Machine translation models such as [those used by MinT](https://www.mediawiki.org/wiki/MinT#About_MinT) may not produce the best translations for individual words or short sentences due to the lack of context. For example, the English expression "Hello!" is translated by MinT using NLLB-200 as "- ¡Hola, qué haces?" in Spanish (where "¡Hola!" would be expected instead).
{F41523111, position=float}
This ticket proposes to complement the use of model-based translation with community-provided translations from [Tatoeba](https://tatoeba.org/) (or a similar community) when there is an exact match. That is, given a source sentence to translate (e.g., "Hello!), before requesting the translation to a model such as NLLB-200, the sentences from Tatoeba will be searched for [an exact match in the source language](https://tatoeba.org/en/sentences/show/373330). If such match exist for the language pair, [the translation from Tatoeba](https://tatoeba.org/en/sentences/show/1502706) will be used. If not, the machine translation model will be used instead.
This approach is expected to provide two key benefits to MinT:
- **Better translations.** Tatoeba is more likely to include short sentences and expressions, which is where translation models can be more problematic. So both approaches seem that could complement well each other.
- **A more direct way for users to improve translations.** When users encounter a translation that is wrong, they could easily contribute a better translation in Tatoeba. Since the exact match approach doe snot require complex machine learning training, the updated translations from Tatoeba can be incorporated at a much quicker pace.
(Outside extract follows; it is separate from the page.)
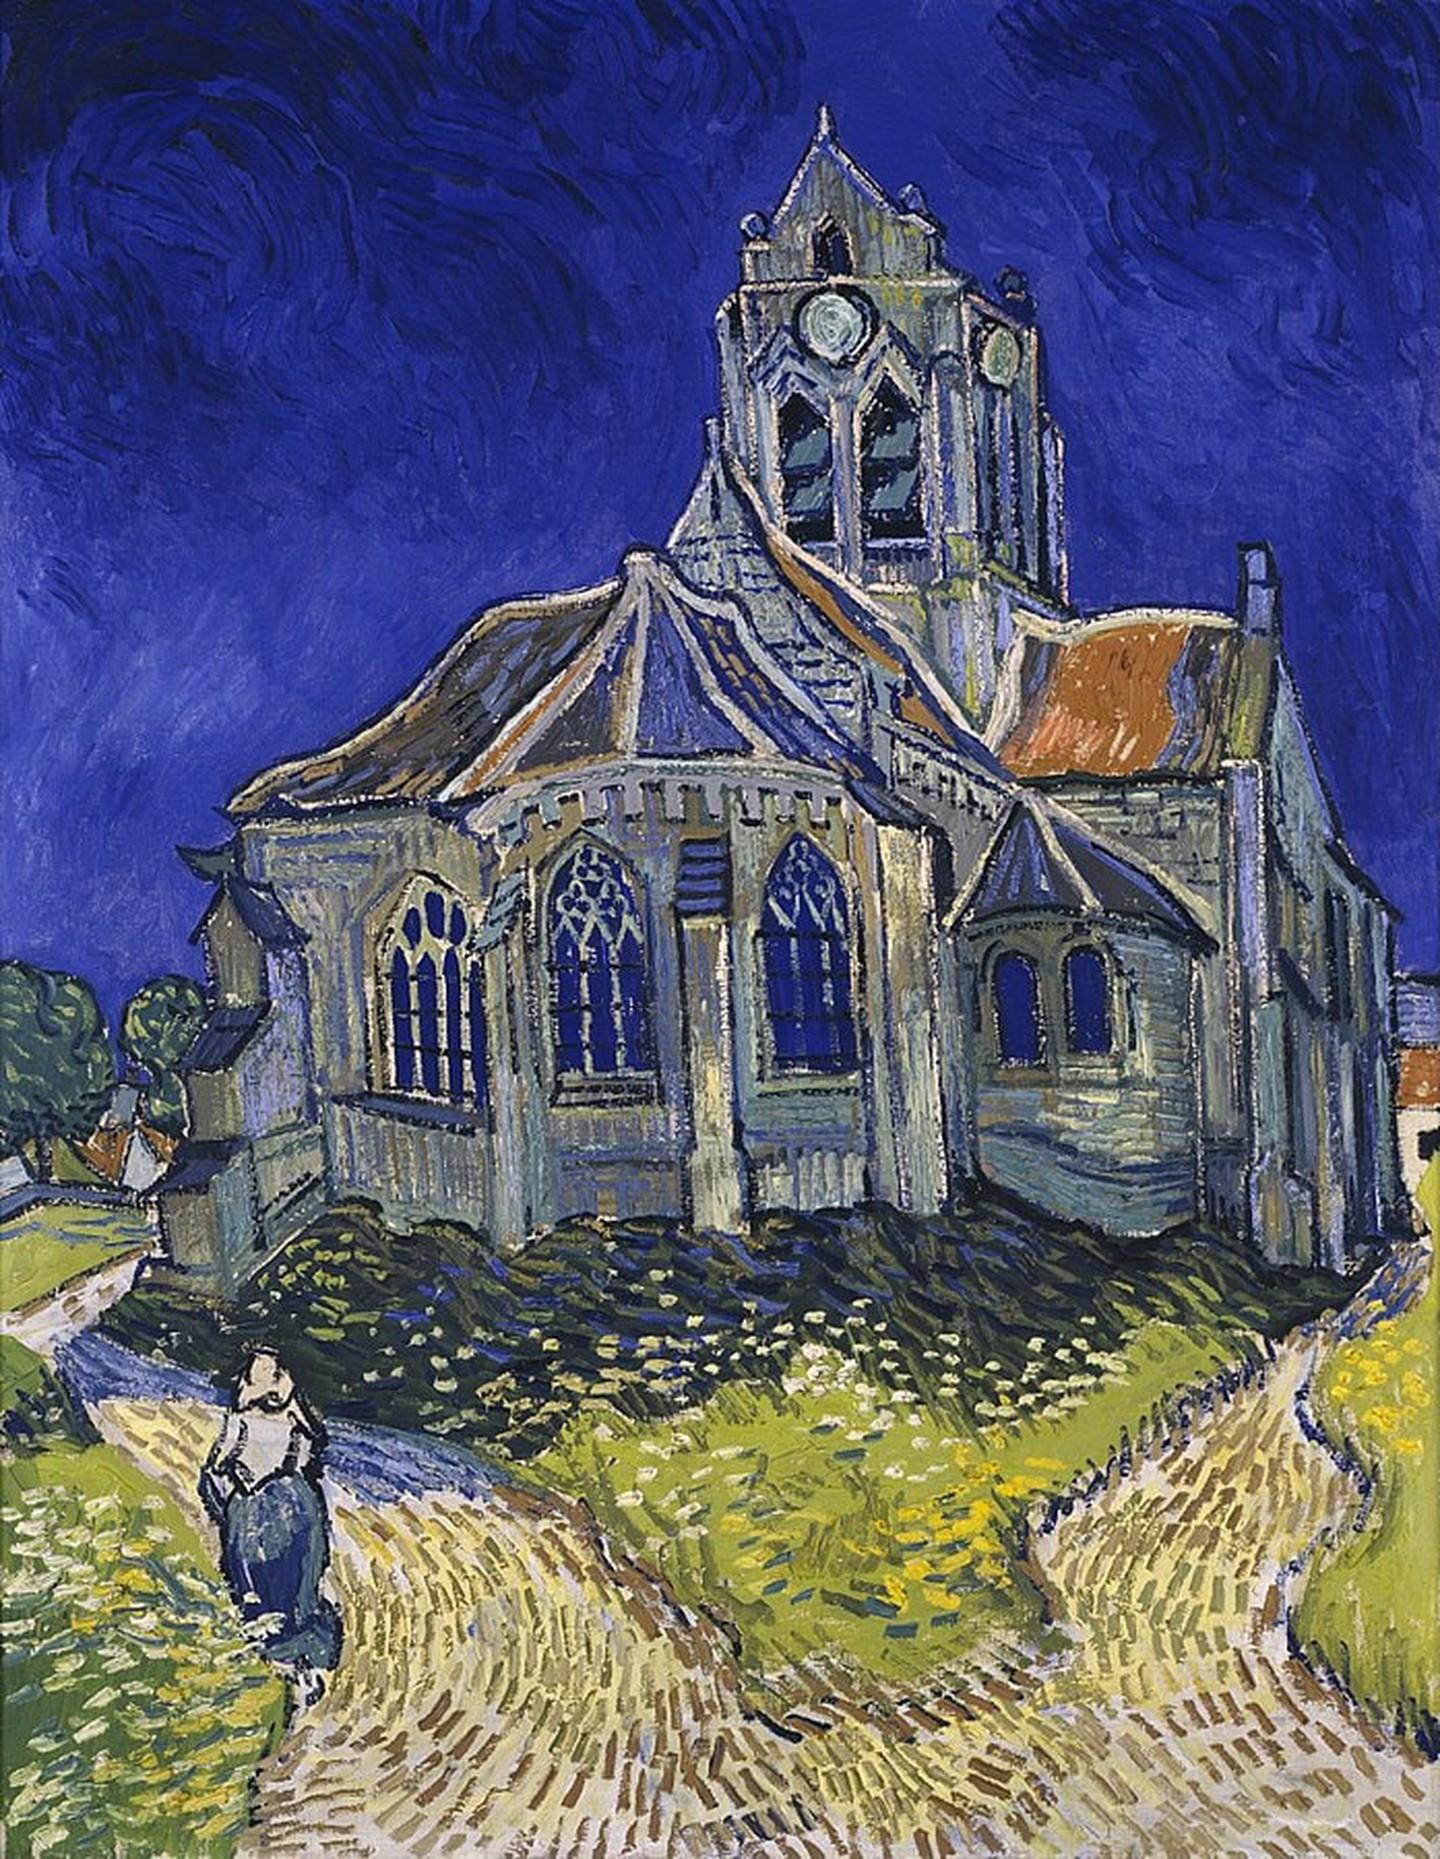 Vincent Van Gogh, 'The Church at Auvers', 1890

As a result, a user providing an improved translation into Tatoeba is more likely to see the translation fixed in a shorter period of time.
This pre-search approach can be provided as an option on the MinT API, making it possible to test models directly when needed.
___
As a reference, the [number of sentences supported by Tatoeba in each language](https://tatoeba.org/en/stats/sentences_by_language) provides an idea on the current number of community-provided translations that can be improved in each language.